And note that, additional to the measured quantities, most pasta recipes expect considerable (usually unaccounted) flour pick-up during kneading and rolling.

These recipes aren't tablets of stone.

Roll your own!

100g flour to each egg is a fairly standard starting point. Then tweak it to your taste, your flour, your eggs, etc ...

Right now, I'm reading a lot of good sense in Katie Caldesi's "The Italian Cookery Course" (Is it called 'Cook Italy' in the USA? - ADDED - Yes and it has been deliberately 'improved' with volume measures instead of metric weights! Oh dear ...)

Interesting (retrospectively obvious) point about surface texture - hand rolling on the exposed grain of a well-worn wooden tabletop (or a floured Italian tablecloth) produces a textured, sauce-grabbing surface, quite unlike that produced by smooth metal rollers.

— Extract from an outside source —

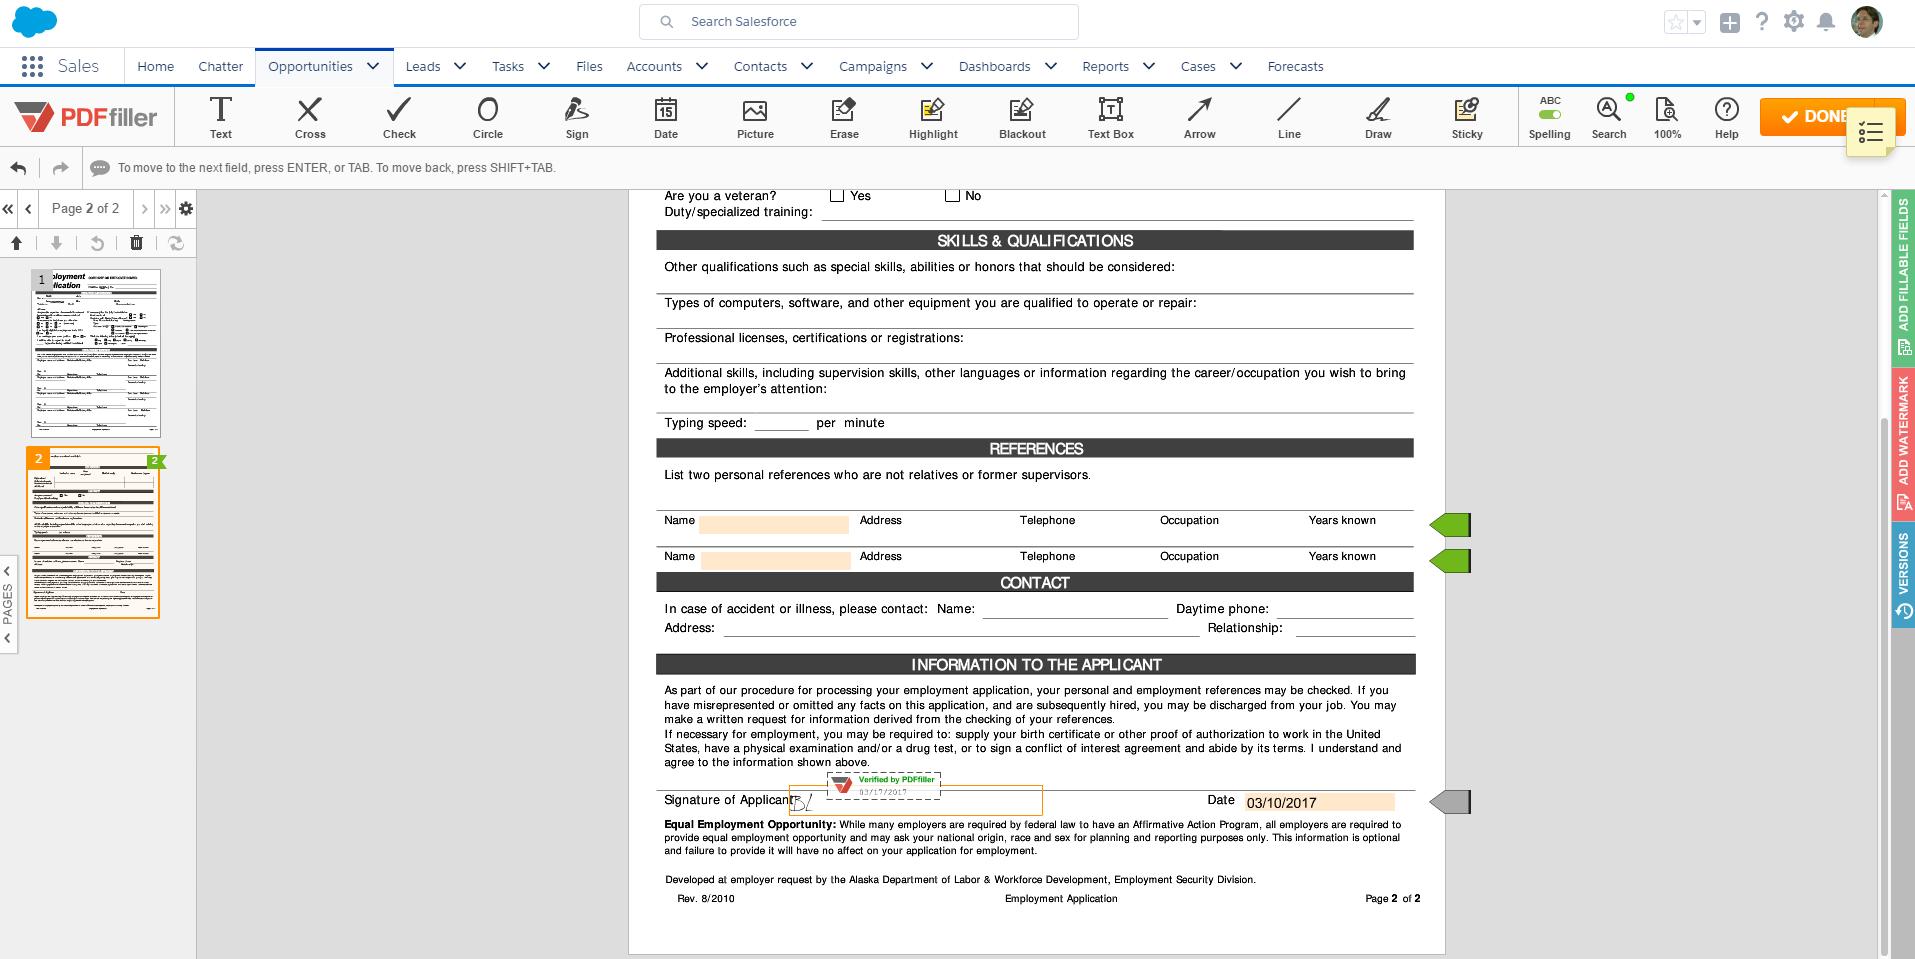 DaDaDocs integrates with Salesforce account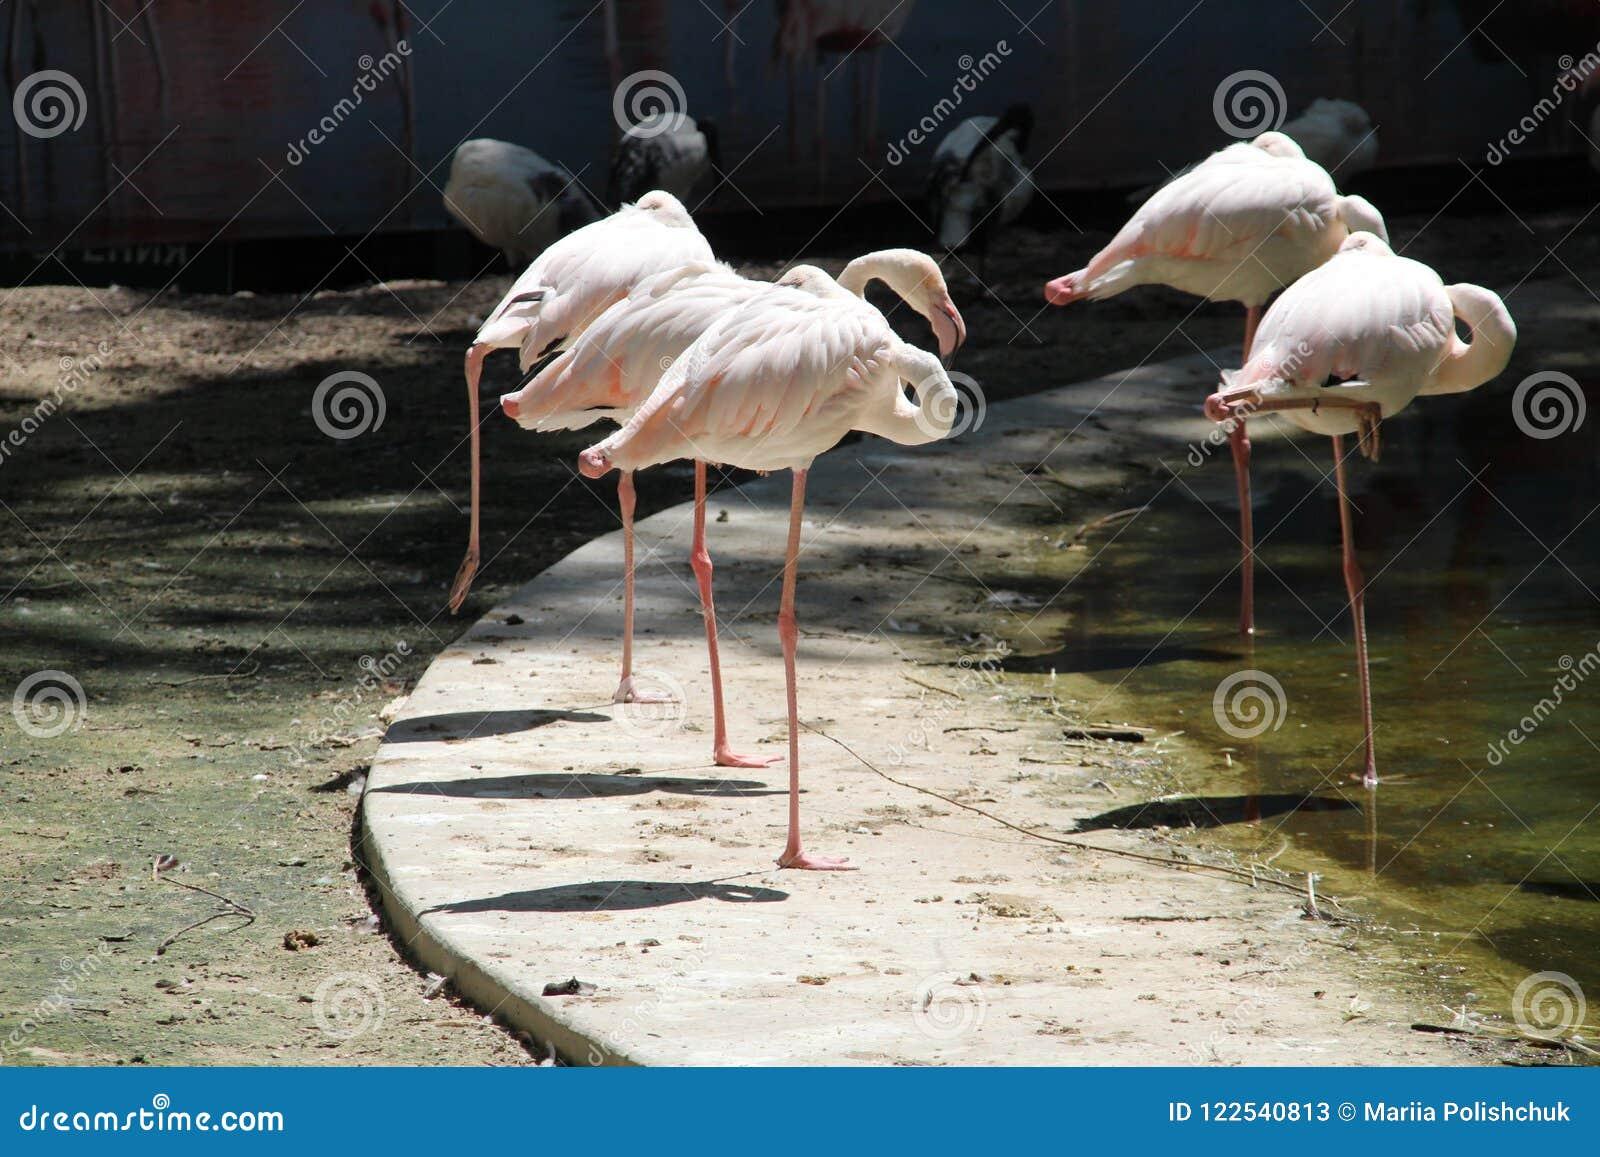 Pink Flamingo Child of the Sunset

So, maybe ideally a final 'texturizing' pass, by hand, on something less smooth than the melamine worktop? (I had a linen proofing 'couche' once upon a time, I wonder where its hiding?)

And I also rather like Rose Gray and Ruth Rogers' River Cafe Pocket Books: Pasta & Ravioli. This is cheap/small/handy - valid reasons for republishing themed collections of recipes. Their standard dough for filled pasta (therefore ideally nice and supple) involves 500g of Tipo 00 (itself hardly an exact spec) to 4 medium eggs PLUS 6 yolks from medium eggs, a bit of salt and an allowance of 50g of semolina (durum) flour for dusting. They suggest about 10 minutes in the mixer with the dough hook to get it smooth, a brief hand knead and then an hour's rest before starting the rolling. Even then, they want ten passes (with doubling folds) to get the dough "silky" before starting to reduce the roller spacing!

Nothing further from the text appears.